Quasi-Gorenstein extended Rees algebras associated with filtrations
Naoki Endo
TL;DR
The paper addresses when the quasi-Gorenstein property deforms from the associated graded ring to the extended Rees algebra for Hilbert filtrations over Noetherian local rings. It develops a deformation criterion based on the Cohen–Macaulayness of the Matlis dual of a top local cohomology module and a precise length equality between $H^{d-1}_{\mathfrak m}(R)$ and $H^{d-1}_{\mathfrak M}(G)$, under suitable depth and finiteness hypotheses. The main result shows that, when $G(\mathcal{F})$ is quasi-Gorenstein and $\mathrm{depth}\,\mathcal{R}'(\mathcal{F})\ge d$ with finite $H^{d-1}_{\mathfrak M}(G(\mathcal{F}))$, the extended Rees algebra $\mathcal{R}'(\mathcal{F})$ is quasi-Gorenstein if and only if the stated length equality holds; this yields concrete, filtration-based criteria and special cases in small dimensions.
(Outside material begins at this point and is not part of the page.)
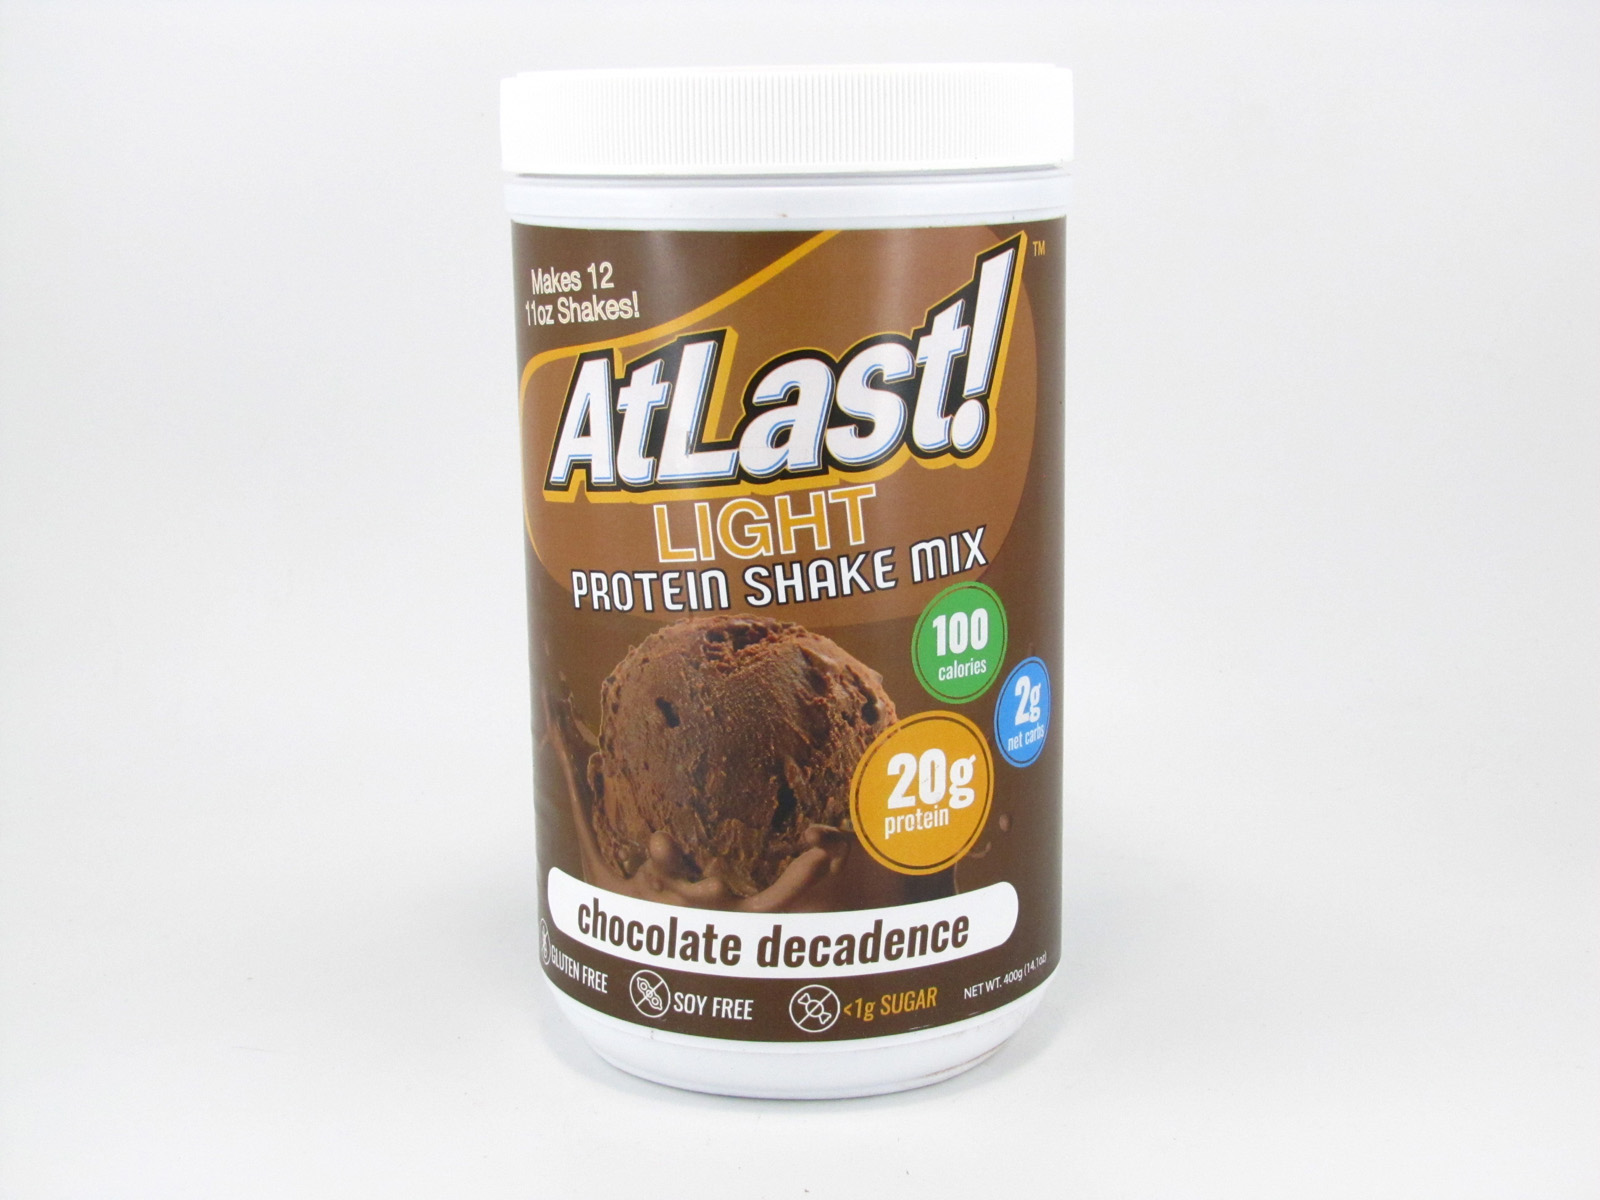 AtLast Light Protein Shake Mix - Chocolate Decadence - front view

The work extends prior deformation results by linking canonical modules, local duality, and filtration blow-ups, and provides practical criteria for dimension $3$ and $4$ with FLC, broadening the understanding of quasi-Gorenstein properties in blow-up algebras.
Abstract
This paper investigates the quasi-Gorenstein property of extended Rees algebras associated with the Hilbert filtrations on a Noetherian local ring. We provide necessary and sufficient conditions for the deformation of the quasi-Gorenstein property, characterized by the Cohen-Macaulayness of the Matlis dual of local cohomology modules. As a consequence, we offer a characterization of the quasi-Gorenstein property of extended Rees algebras in terms of conditions on the length of local cohomology.